Féminisme carcéral complice
La sociologue Nacira Guénif dénonce les inégalités de traitement et de soutien entre les victimes de l’incendie de Los Angeles et celles, bien plus nombreuses, de la guerre menée par Israël en Palestine.
Si l’on se fie au baromètre compassionnel du moment, nous serions plus enclin.es à nous apitoyer sur le sort de ceux, pauvres ou riches, qui ont tout perdu mais ont survécu aux incendies ravageant les quartiers résidentiels de la cité des anges déchus que sur les Mahorais.es. À Mayotte, bon nombre ont perdu leur toit de tôle et n’ont toujours pas d’eau courante et potable. Désormais, de cyclone en tempête, iels n’osent plus espérer que leur État les secourt enfin. Et moins encore sur la population de Gaza, livrée à son colonisateur.
Los Angeles est un immense brasier, voilà qui accapare notre attention et épuise nos émotions. Il n’en reste plus guère pour les autres, si loin, si différents, emportés par l’inexorable emballement médiatique. C’est, je suppose, la parfaite expression de ce qu’on appelle le rêve américain qui nous émeut tant : un mirage, gagné sur le désert, l’absence d’eau, la faille séismique menaçant de tout engloutir, au prix d’inégalités criantes jusque dans les suites des incendies, urbanisme tentaculaire au service d’un mode de vie délirant jusqu’à ce que le dérèglement climatique détruise au gré du vent.
LA est un mirage aux nombreux émules sur la planète qu’il est déjà prévu de reconstruire avec quelque 50 milliards de dollars des compagnies d’assurances et l’aide de l’État fédéral. Un tel empressement n’est pas près de bénéficier, au hasard, aux Mahorais, aux Kanaks ou encore aux Gazaoui.es qui vivent dans et meurent sous les décombres de leur prison à ciel ouvert érigée depuis près de 20 ans, pour ne parler que de la dernière phase de la Nakba.
Au prisme du féminisme carcéral, voulu pour punir en désignant ses coupables sexistes à la justice, ces palestinien.nes qui meurent à Gaza et en Cisjordanie, semblent mériter leur sort puisque rien ne vient enrayer leur anéantissement. Iels n’auraient rien de commun avec le mode de vie si prisé, et pourtant monstrueux qui a accouché de LA, aboutissement de l’accaparement de terres ancestrales et de la spoliation des peuples autochtones qui les habitaient.
Nous détournons les yeux de femmes et d’hommes qui luttent pour leur liberté et en meurent.
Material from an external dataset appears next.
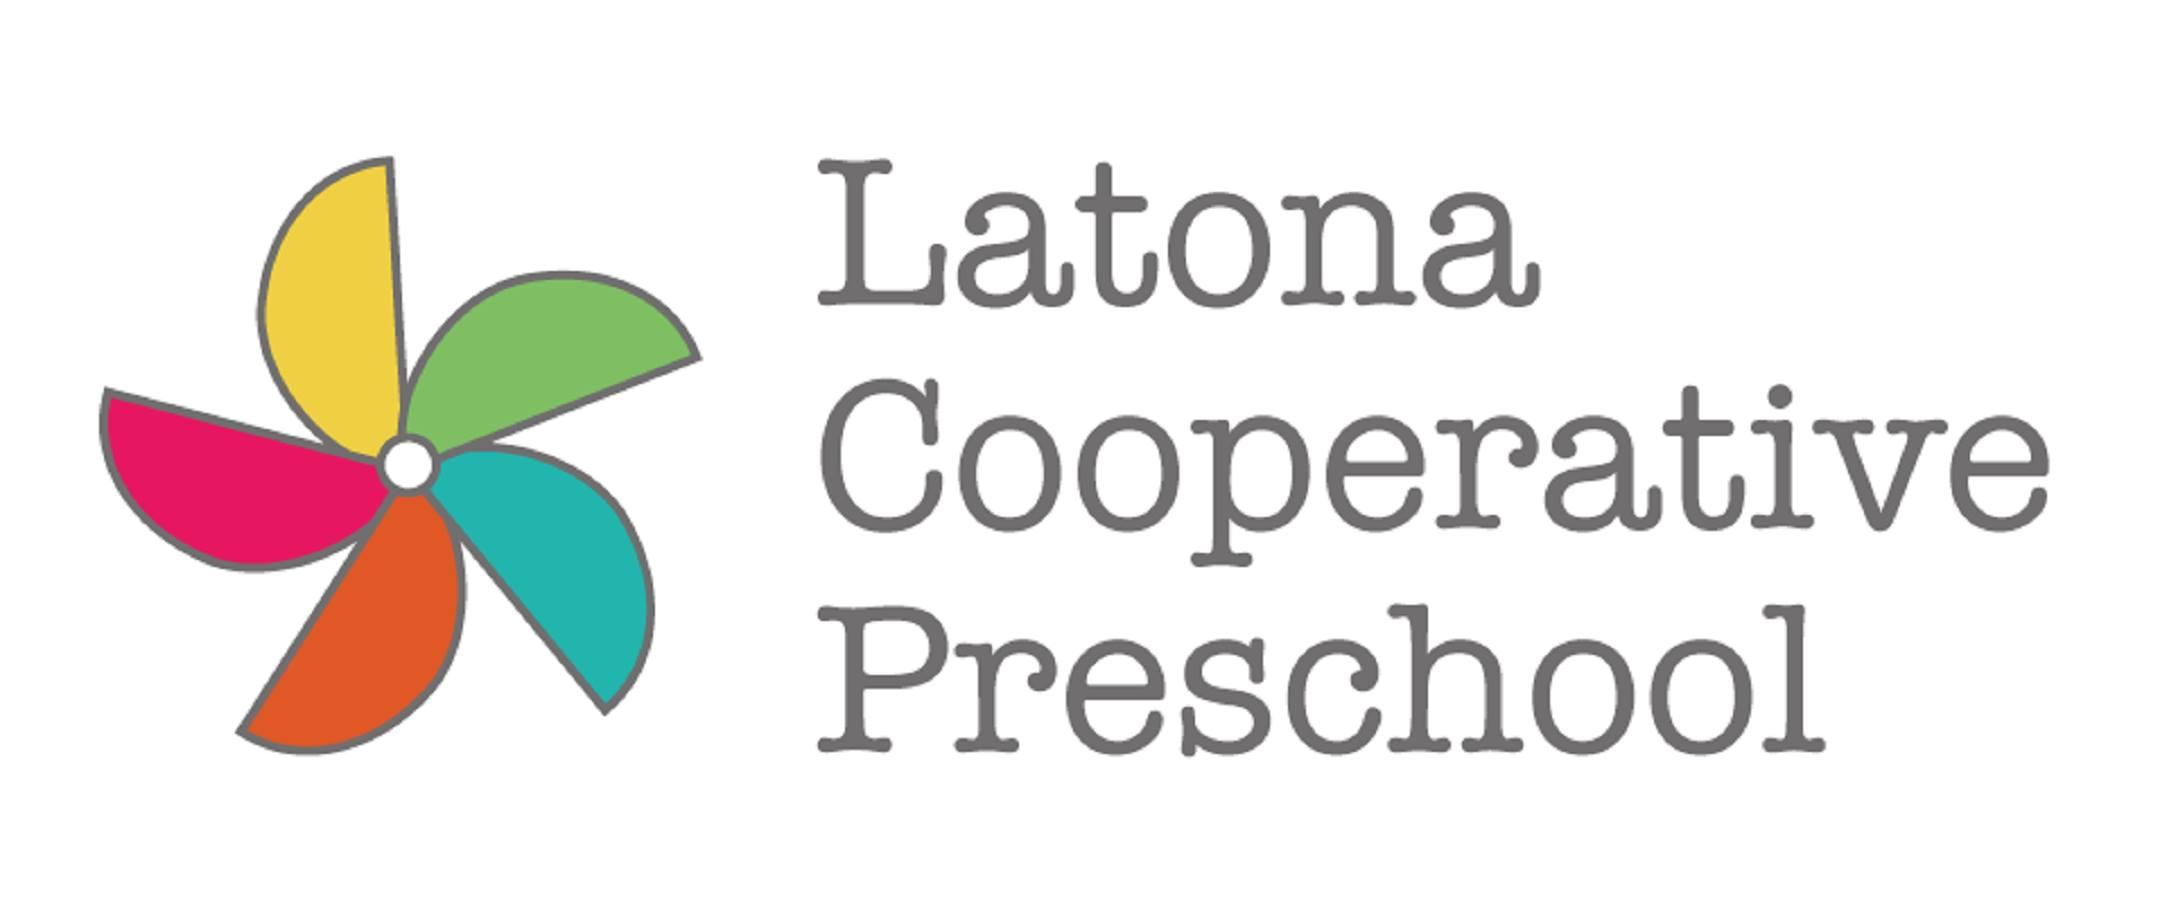 Latona Cooperative Preschool

Cependant, le peuple palestinien vit, sous nos yeux, la répétition du même événement, vol de la terre, destruction d’une culture, de toute forme de vie et de futur, élimination physique, et craint d’être effacé comme l’ont été les anciens habitants de la Californie. Cette fois-ci, impossible de dire que l’on ne savait pas. Si au-delà des critiques fondées qu’il essuie, le féminisme carcéral a encore une raison d’être, elle se trouve dans l’accomplissement de la justice contre tous les responsables et les complices de (ce) qui frappe les Palestinien.nes. Pour l’heure, il n’en est rien.
Et la France n’est pas en reste… État colonial, par affinité autant que par lâcheté, elle soutient une puissance coloniale génocidaire tout en occupant la Kanaky, au point de mettre sous les verrous des militant.es kanak, présumés innocent.es, dans des prisons à 17 000 km de leur terre ancestrale.
Tout à notre encombrement émotionnel, comme à notre racisme et sexisme ordinaires, nous laissons faire et, au gré du vent, détournons les yeux de femmes et d’hommes qui luttent pour leur liberté et en meurent. Avec la prochaine investiture du mâle Alpha suprême à la présidence états-unienne et la sidération de ses détracteurs, des deux côtés de l’Atlantique, le féminisme carcéral fera bien l’affaire.